To elucidate whether human B1 cells are derived from adult HSCs, we used a unique characteristic of patients with paroxysmal nocturnal hemoglobinuria (PNH), a clonal disorder of HSCs caused by somatic mutations in PIGA that encodes the protein essential for glycophosphatidylinositol (GPI)-anchor biosynthesis.11-13 Importantly, the PIGA-mutated HSCs retain their multilineage differentiation capacity, and these mutations can be exploited to identify cells derived from adult HSCs.
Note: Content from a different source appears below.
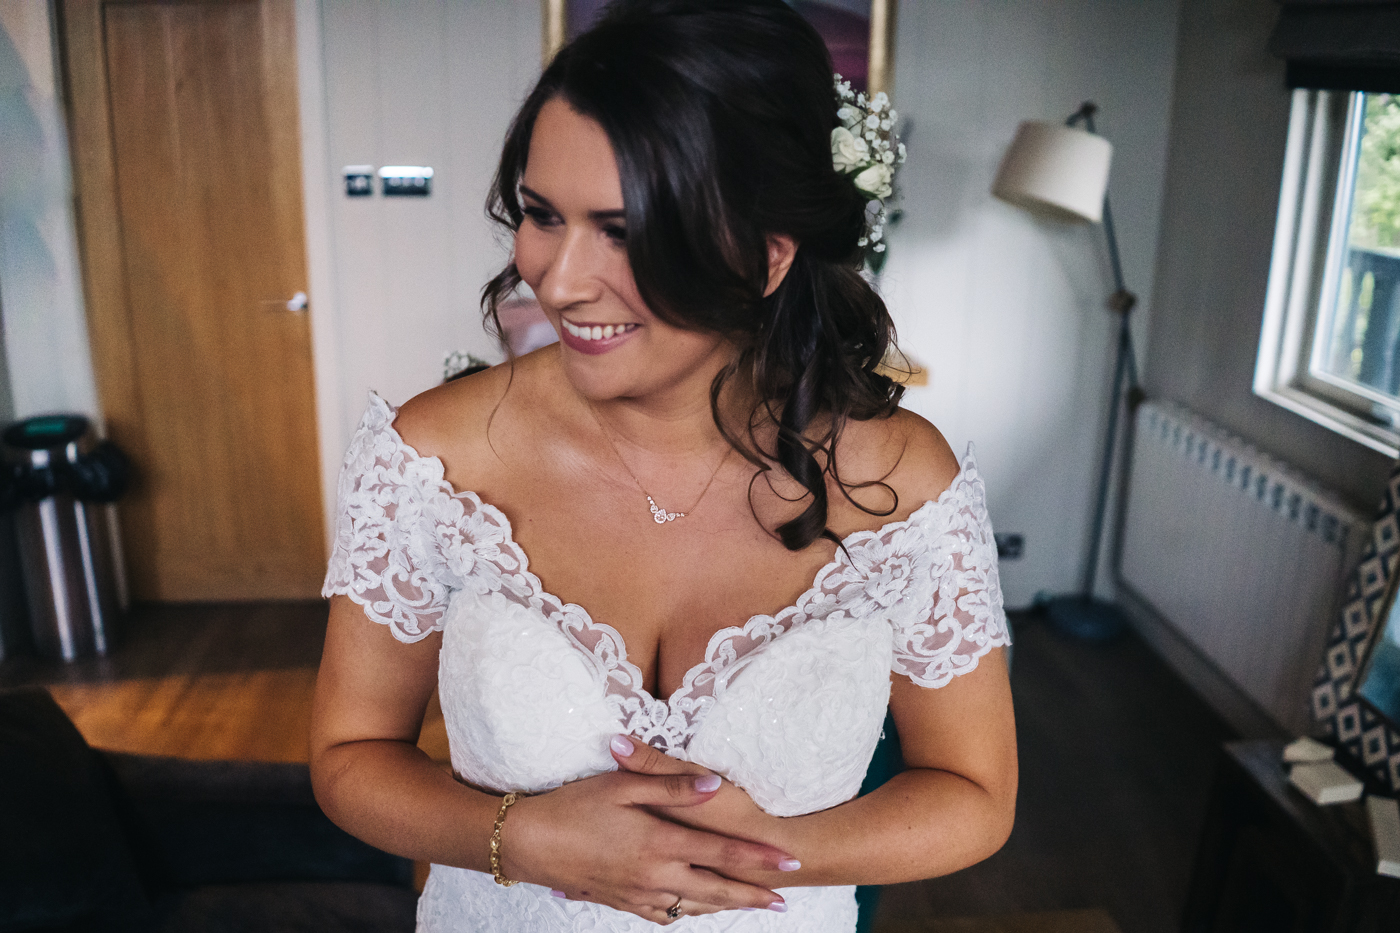 scottish-wedding-trossachs-loch-tay-highlannds-relaxed-photography-photographer-0006.jpg
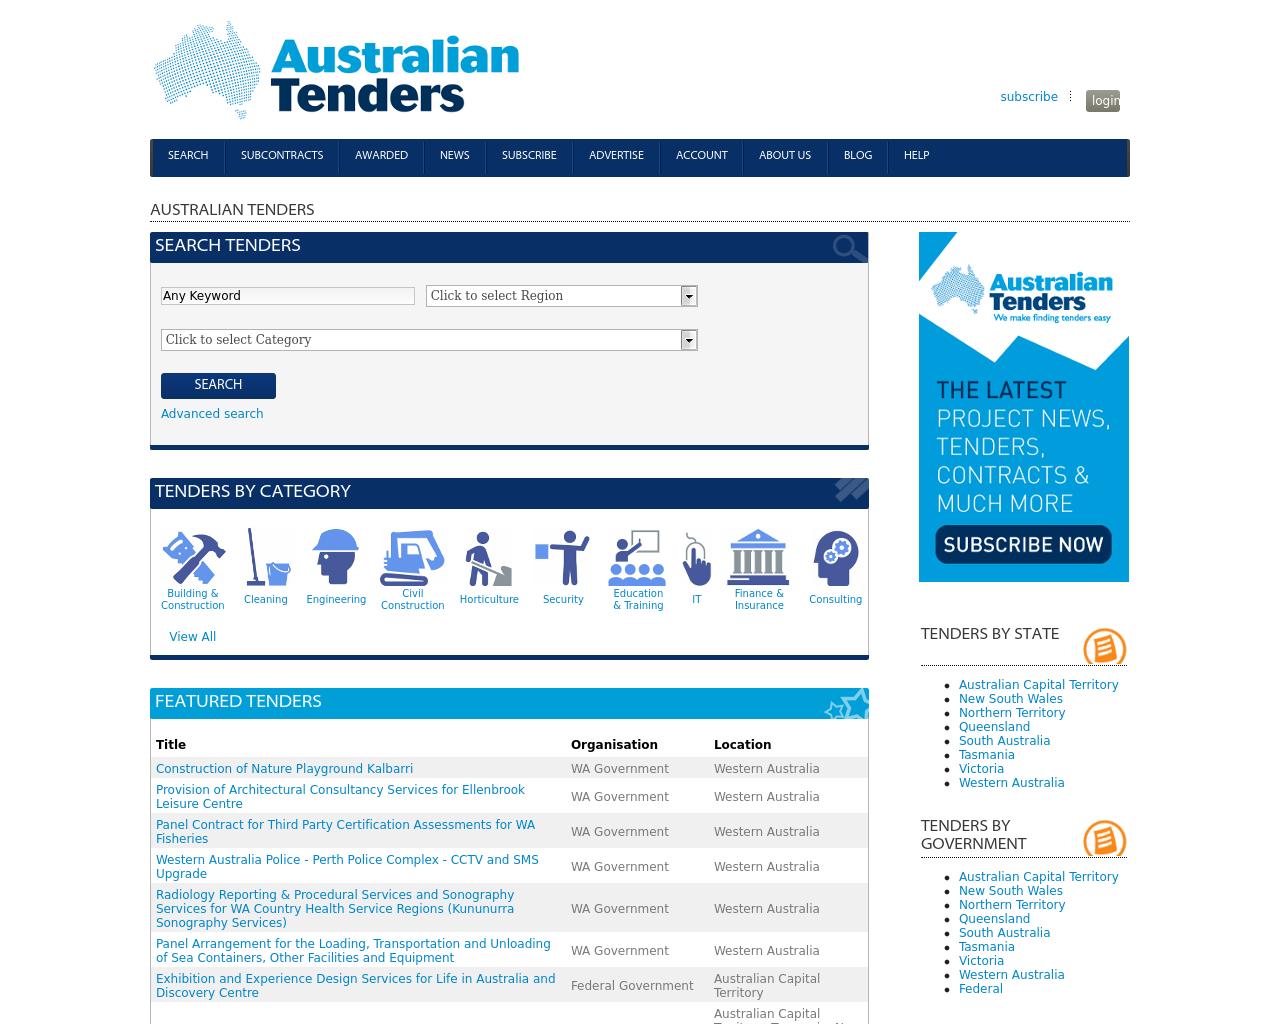 AustralianTenders.com-Advertising-Reviews-Pricing

Because PIGA mutations abolish cell-surface GPI-anchored proteins (GPI-APs), we separated the mutated cells by the absence of GPI-APs.14
We enrolled 6 patients with a median time from PNH diagnosis of 10 years (range, 3-28 years; Table 1). PB samples were obtained from these PNH patients (who gave written informed consent) and stored at the Mie University Biobank Research Center. The study design was approved by the Independent Ethics Committee for Human Research at Mie University Graduate School of Medicine and was conducted in accordance with the Declaration of Helsinki. At the time of the first or second sampling, 3 patients were being treated with eculizumab alone, 1 with eculizumab and cyclosporin A, 1 with metenolone and red blood cell transfusion, and 1 with cyclosporin A alone.12,15 Isolated PB cells were stained with fluorochrome-conjugated monoclonal antibodies (supplemental Table 1, available on the Blood Web site). Because fluorescent-labeled inactive toxin aerolysin (FLAER; Cedarlane, Burlington, ON, Canada) specifically and strongly binds to all cell-surface GPI-APs, FLAER was used to detect GPI-AP–deficient cells. Samples were analyzed and sorted into each cell population. Genomic DNA was extracted from sorted cells. The exons of the PIGA-coding region were amplified by polymerase chain reaction (PCR), and the products were sequenced. Allelic frequencies of PIGA mutations of genomic DNA from patients PNH01 and PNH02 were estimated by digital PCR (supplemental Table 2). Genomic DNA of PNH01 was amplified using PCR primers covering the 2 mutation sites and was used for sequencing. Further details of the experimental procedures are provided in the supplemental Materials and methods.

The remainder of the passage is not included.